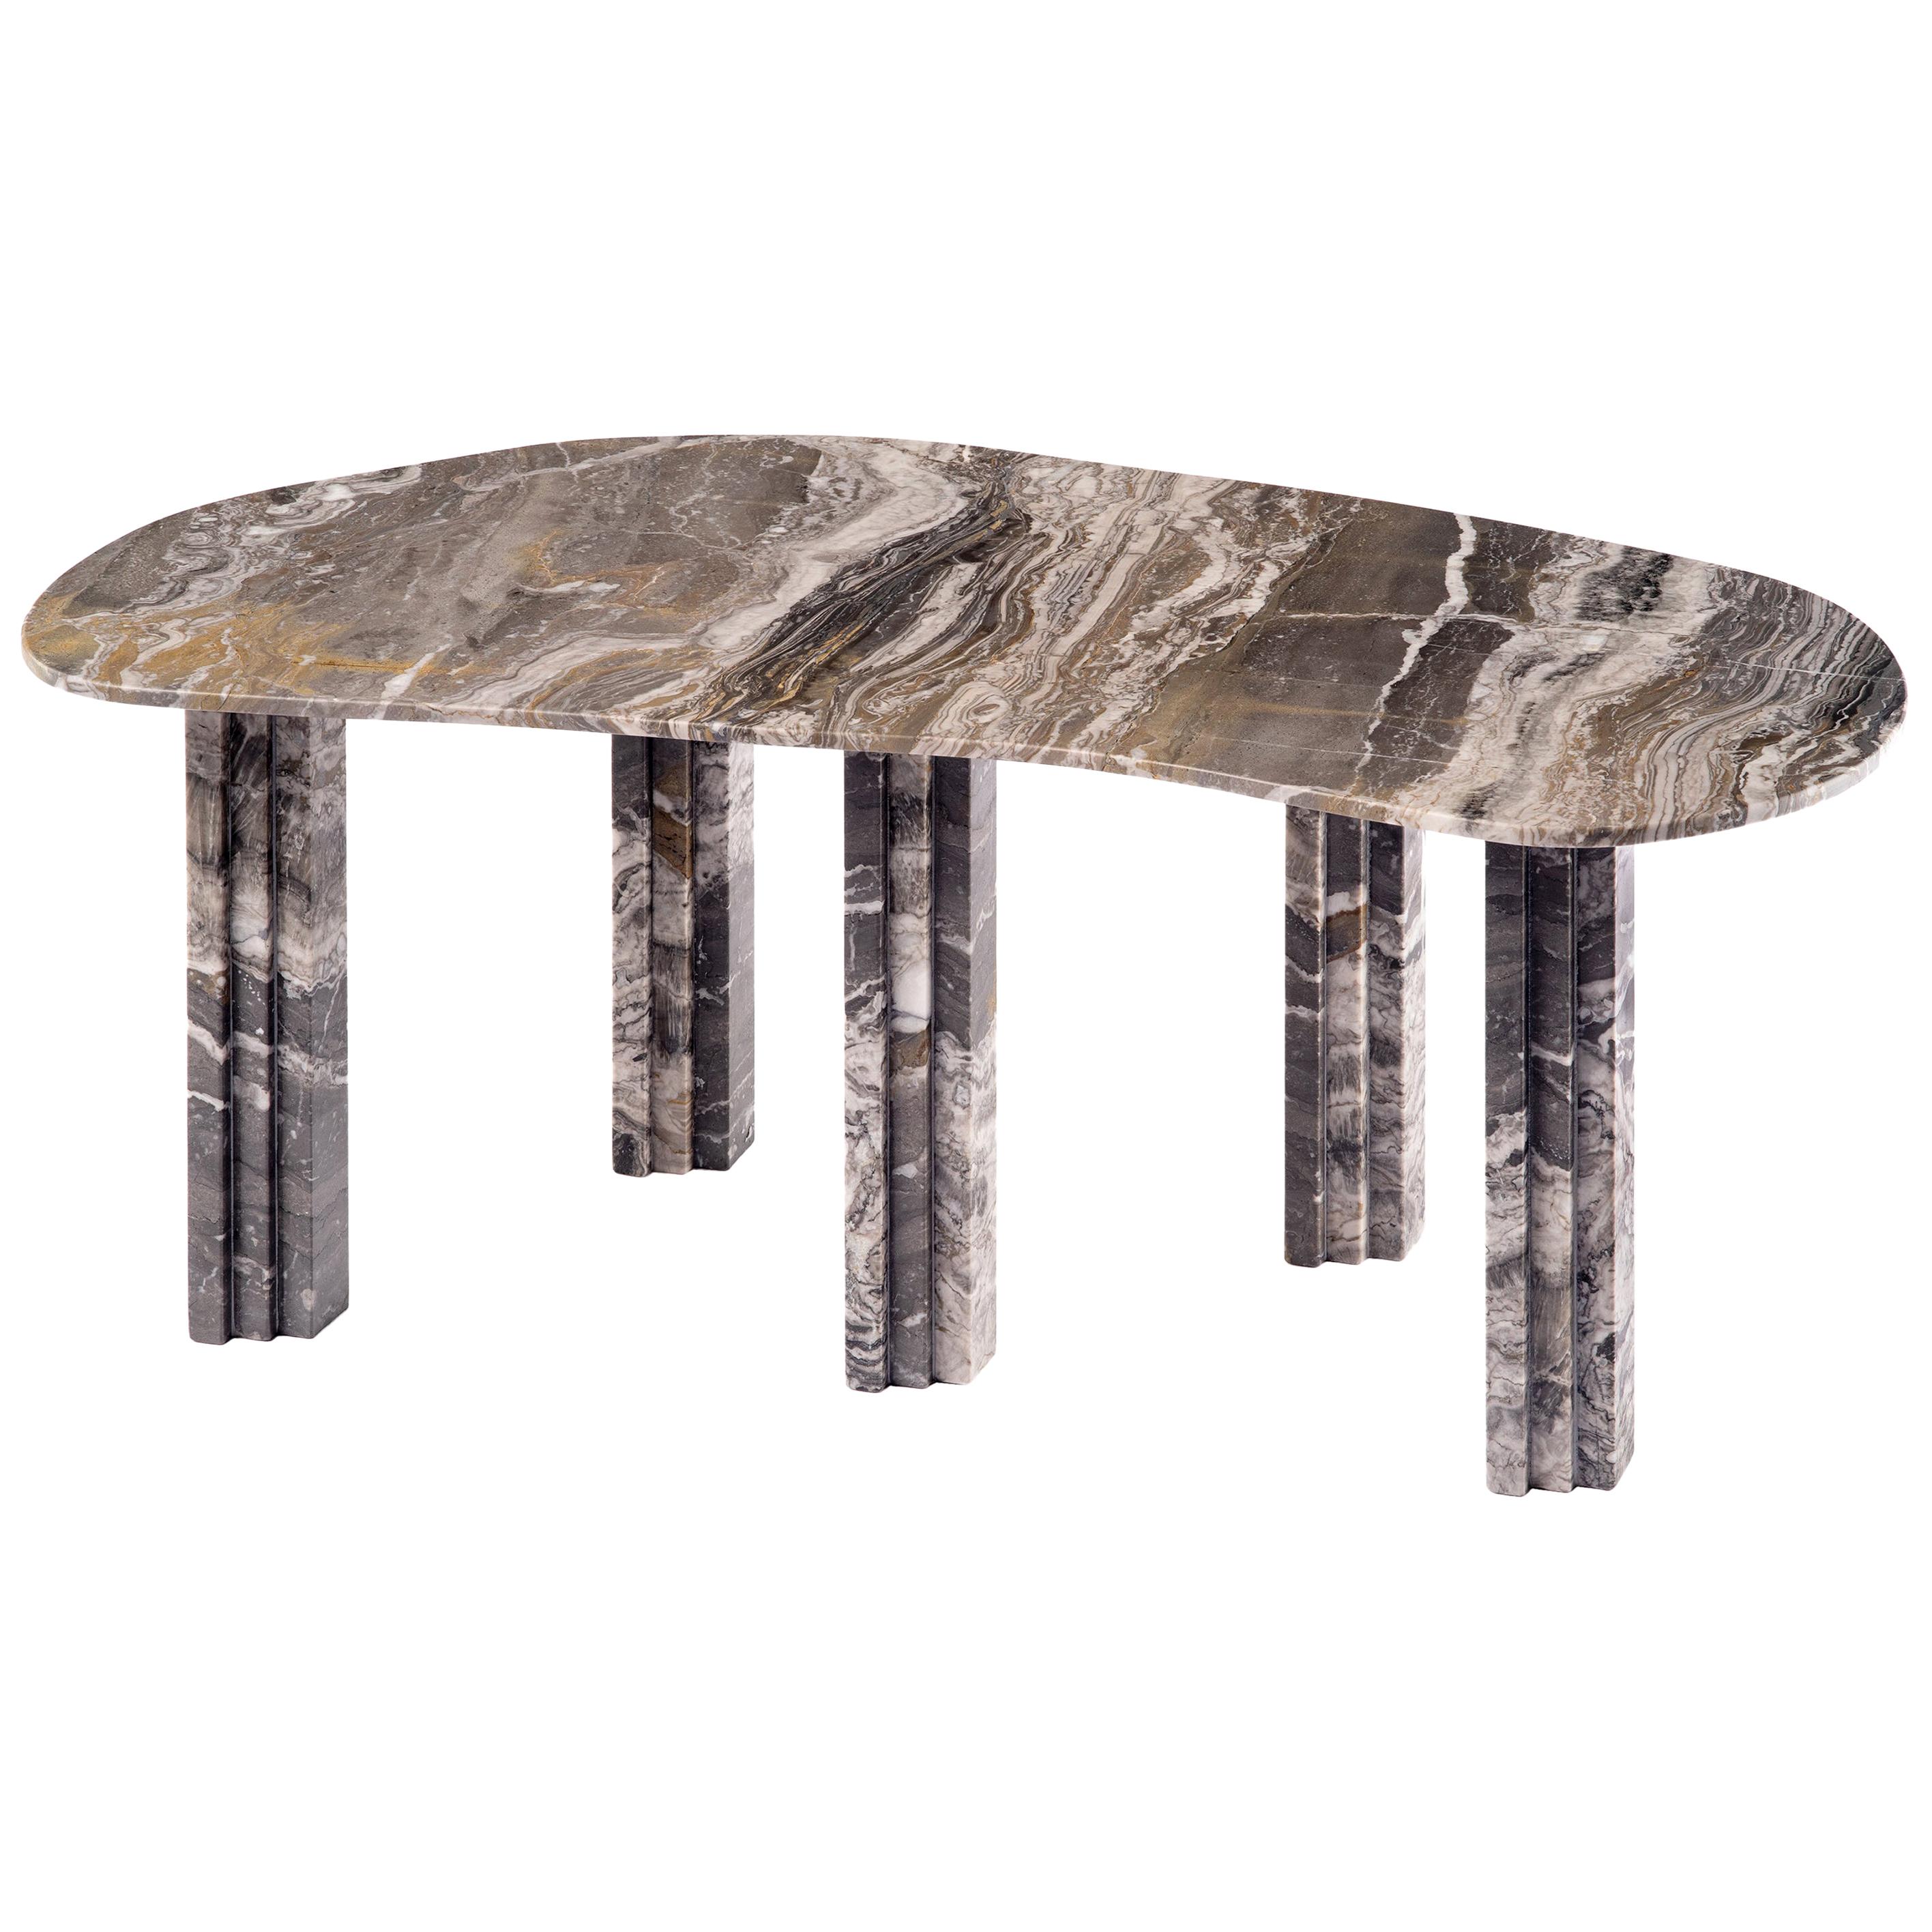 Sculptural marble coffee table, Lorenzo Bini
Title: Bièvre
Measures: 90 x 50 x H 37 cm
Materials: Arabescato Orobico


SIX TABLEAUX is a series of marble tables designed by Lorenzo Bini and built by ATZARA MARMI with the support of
☆ ☆ ☆ ☆
Print nothing but the lines from the one that contains "Measures: 90 x 50 x H 37 cm" to the final line of the data, both included, exactly as they read.

Measures: 90 x 50 x H 37 cm
Materials: Arabescato Orobico


SIX TABLEAUX is a series of marble tables designed by Lorenzo Bini and built by ATZARA MARMI with the support of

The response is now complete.